Here’s where we need to pause for another science lesson. Beard and Bodnar, who have studied this deposit for decades now, point out that there’s uranium almost everywhere, just not in large quantities. “Most rocks contain a couple parts per million of uranium,” Beard says. There’s also radioactivity in lots of things. Brazil nuts contain radium, which is radioactive. Bananas contain potassium-40, which is radioactive. Your bones are radioactive. Cat litter is radioactive. Lots of things are radioactive, just at levels so low they don’t really matter. So a little bit of uranium is no big deal. A lot of it, though, is a different matter.
In the late 1970s, a Canadian company called Marline Uranium started looking for uranium up and down the East Coast. There are uranium mines in the American West and the Canadian province of Saskatchewan. Marline, though, had some theories that the geology of the East Coast might turn up some uranium deposits. Indeed, there were small deposits found in the 1950s near Jim Thorpe, Pennsylvania, and Sussex County, New Jersey. Then in the spring of 1979, Marline geologists were driving along the backroads of Southside Virginia, tracing the outlines of a Triassic Period basin, when suddenly their detectors went nuts.
The New Republic says what they found may be one of the ten richest uranium deposits in the world. They also found it in the same year as the accident at the Three Mile Island nuclear reactor. Three years later, then-Gov. Charles Robb signed a moratorium on mining uranium in Virginia and the ban remains in place. After decades of trying to get the state to drop the ban, Virginia Uranium, Inc. decided in 2015 to sue. Lower courts have repeatedly dismissed the case, and now that’s what on appeal to the U.S. Supreme Court.

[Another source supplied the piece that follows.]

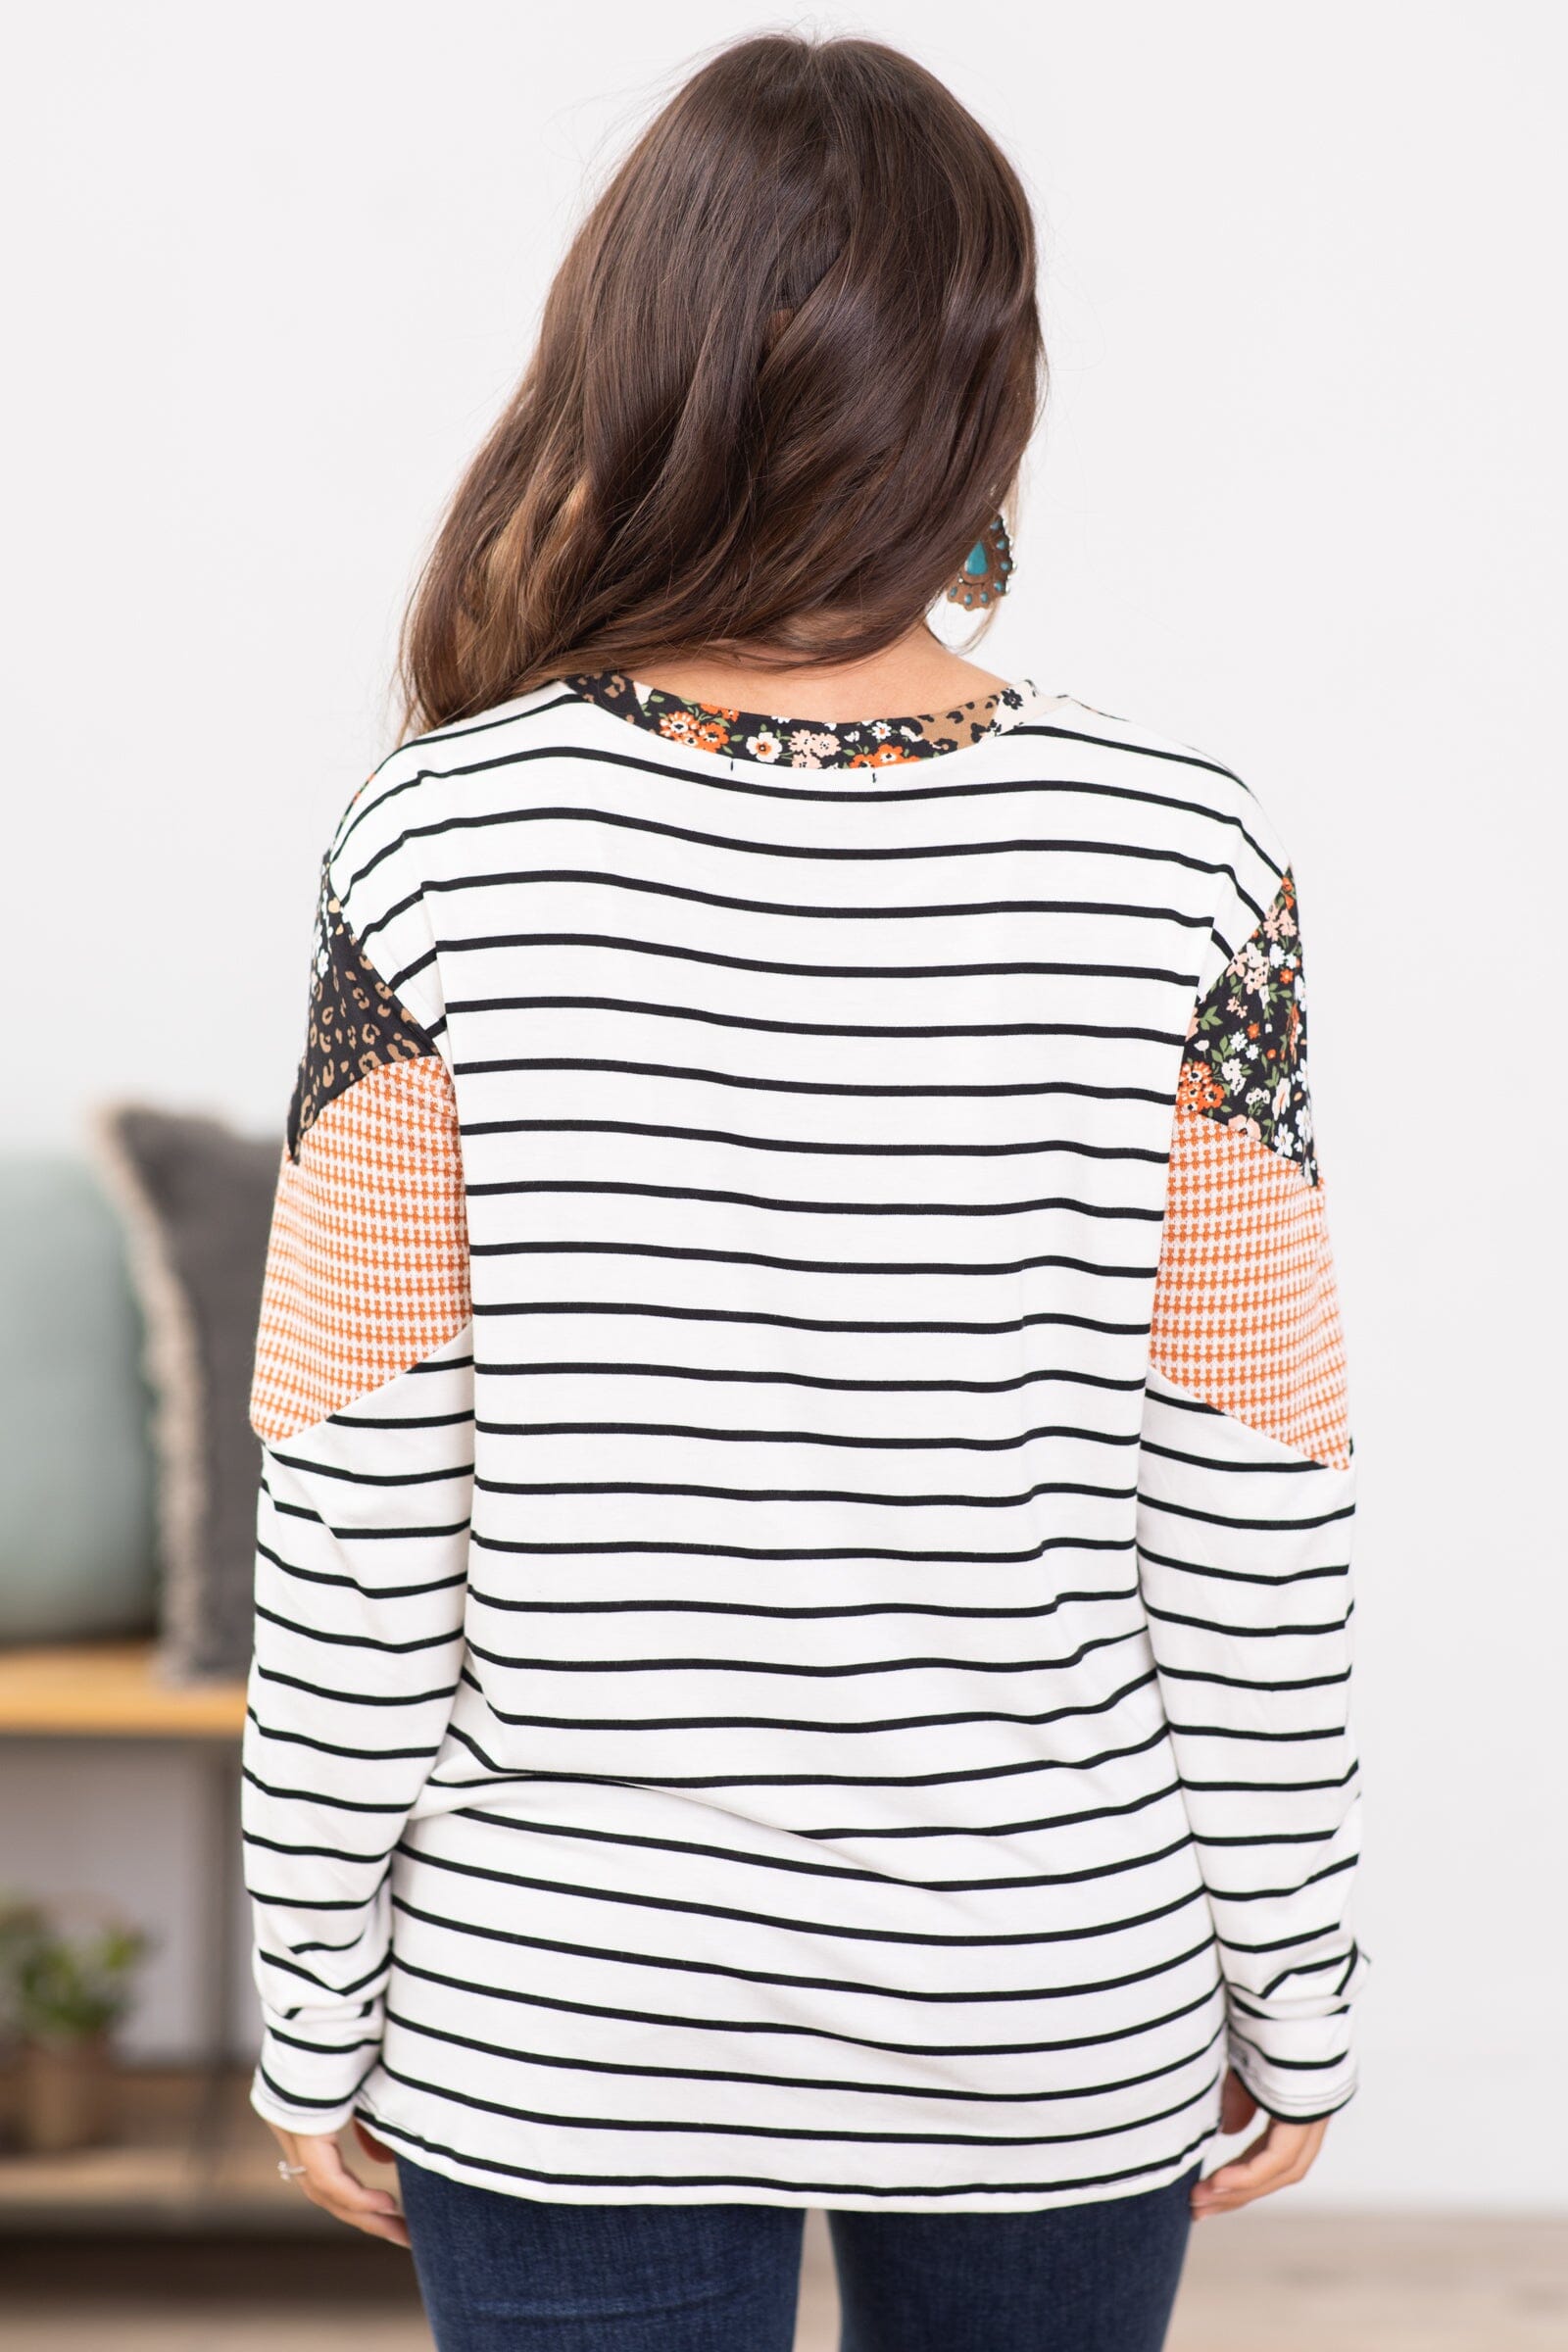 Black and Off White Stripe Colorblock Top - Filly Flair

Uranium advocates say uranium can be mined safely; opponents say it can’t. That’s not a question we’ll resolve here today. But we can, at least, dispel some misconceptions. The uranium under Cole’s Hill is not like glow-in-the-dark seams of coal that can be hacked out with a pick-axe. It’s microscopic bits of uranium embedded in other rocks. Once mined, the uranium would need to be processed out and distilled into something purer to be sold, either for fuel in nuclear plants or radiation therapy at cancer treatment centers. To proponents, that processing is a sign of how safe the stuff is; to opponents, who warn of radioactive waste, it’s just the opposite.

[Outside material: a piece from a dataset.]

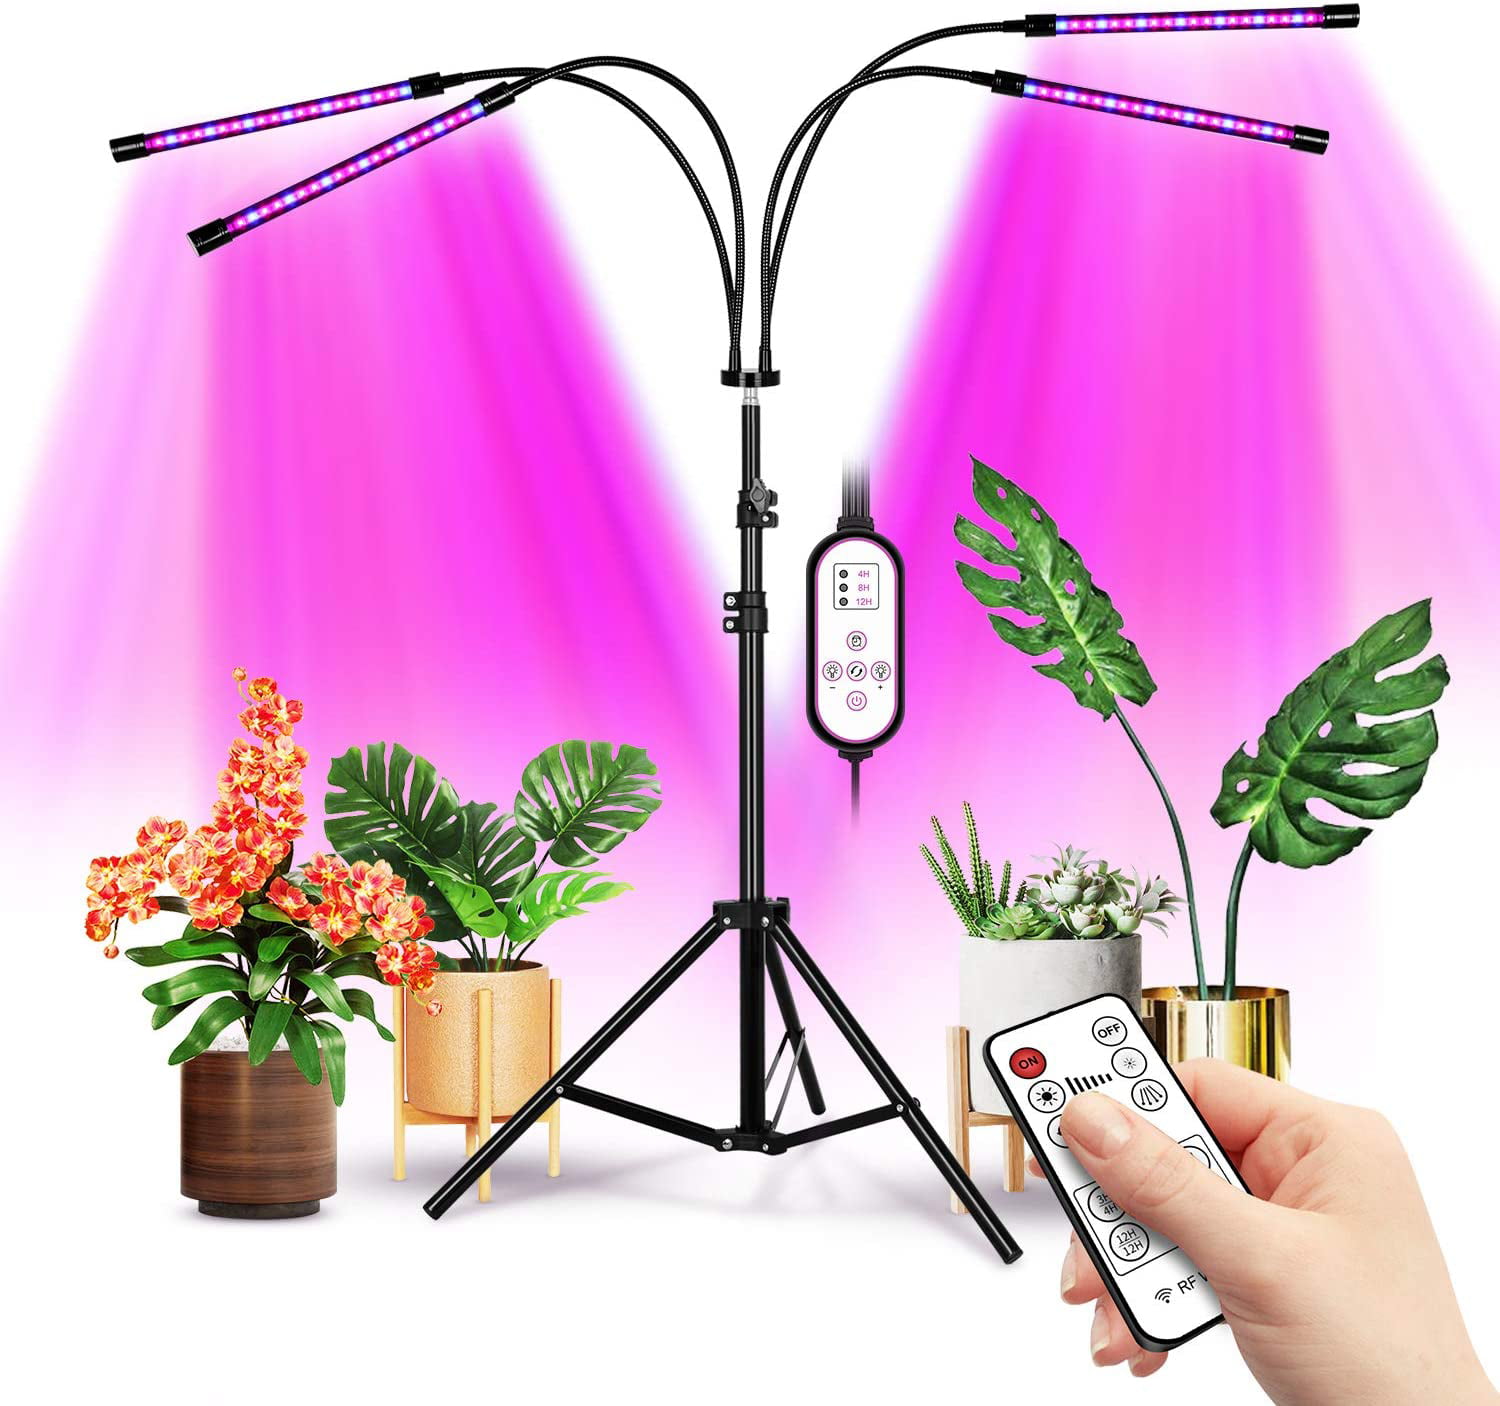 Details about   60/80LED Grow Light Hydroponics 3/4 Head Flower Indoor Plant Growing Lamp+Remote

In any case, the original explorers went out of business without ever mining Cole’s Hill. Before Marline Uranium closed in the early 1990s, the company donated its core drillings to the Virginia Museum of Natural History —a gift to science. It was either that or dump the rocks out. “Core drillings” does not sufficiently convey the size of this gift. These are more than 7,000 boxes of rocks, some 35 tons worth, from hundreds of feet beneath the surface. Beard says scientists come from all over the world to study them. They’ve generated a half dozen scientific papers, perhaps 20 presentations at academic conferences and a least one doctoral dissertation. Beard says it’s the only core sample in the world that bores through one of the major Pangaea break-up faults. “Uranium is a fun and interesting problem but this documents the break-up of the super-continent in a way that is not documented anywhere else.”
For years to come, scientists will continue to troop to Southside Virginia to study those rocks no matter what the Supreme Court decides.